Synchronous Hepatocellular and Intrahepatic Cholangiocellular Carcinoma With Predominant Ductal Plate Malformation Pattern. A Case Report and Review of the Literature
Rita Szodorai, Emőke Fülöp, Andrei Fülöp, Radu Mircea Neagoe, Simona Gurzu

TL;DR
A rare case of a patient with both liver cancers, HCC and ICC, was found during surgery and successfully treated.
Contribution
This is the first reported case of synchronous HCC and ICC with a ductal plate malformation pattern diagnosed during hemoperitoneum.
Findings
A 67-year-old male had two synchronous liver cancers: HCC and ICC.
The tumors showed a predominant ductal plate malformation pattern.

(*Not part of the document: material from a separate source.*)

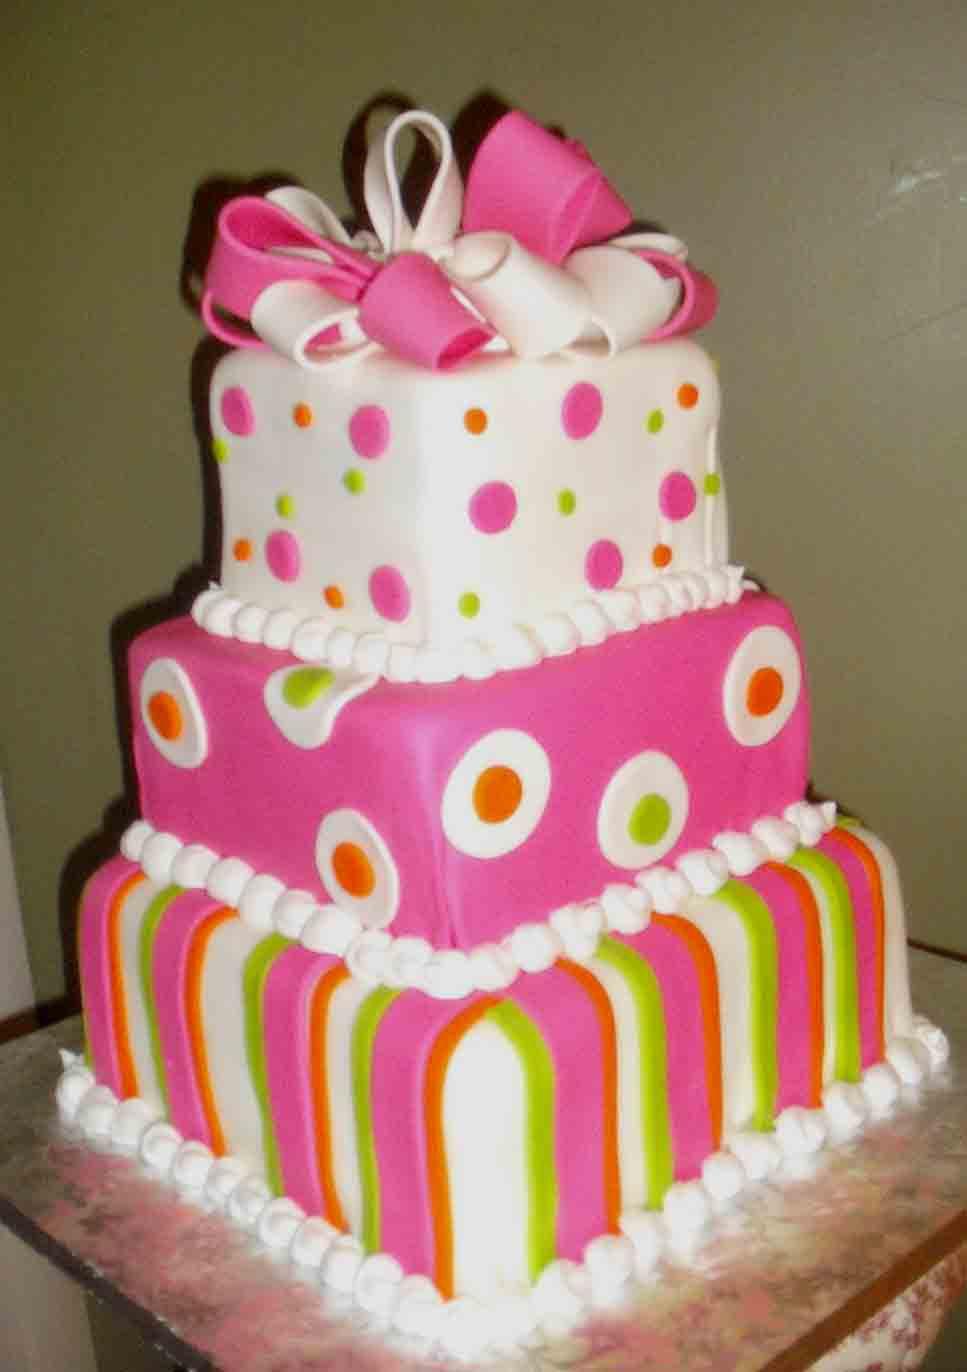 Crazy Daisy Cakes & More

The patient is alive 41 months after surgery with free resection margins.
Abstract
Synchronous occurrence of hepatocellular carcinoma (HCC) and intrahepatic cholangiocarcinoma (ICC) is extremely rare. A 67‐year‐old male was admitted to the hospital with hemoperitoneum caused by a liver mass rupture and elevated serum liver enzymes. Abdominal magnetic resonance imaging revealed a solid mass, with 38 mm in maximum diameter, located in the fifth/sixth segments of the liver, suggesting an HCC. Emergency surgery was performed and a second liver mass in the fourth segment was identified intraoperatively, with 20 mm in maximum diameter. Hepatic resection of the affected segments was performed with free resection margins. Histopathological examination revealed the synchronous occurrence of HCC and ICC with a predominant ductal plate malformation pattern. The patient is still alive at 41 months after its first surgery. In patients with HCC, a proper intraoperative assessment…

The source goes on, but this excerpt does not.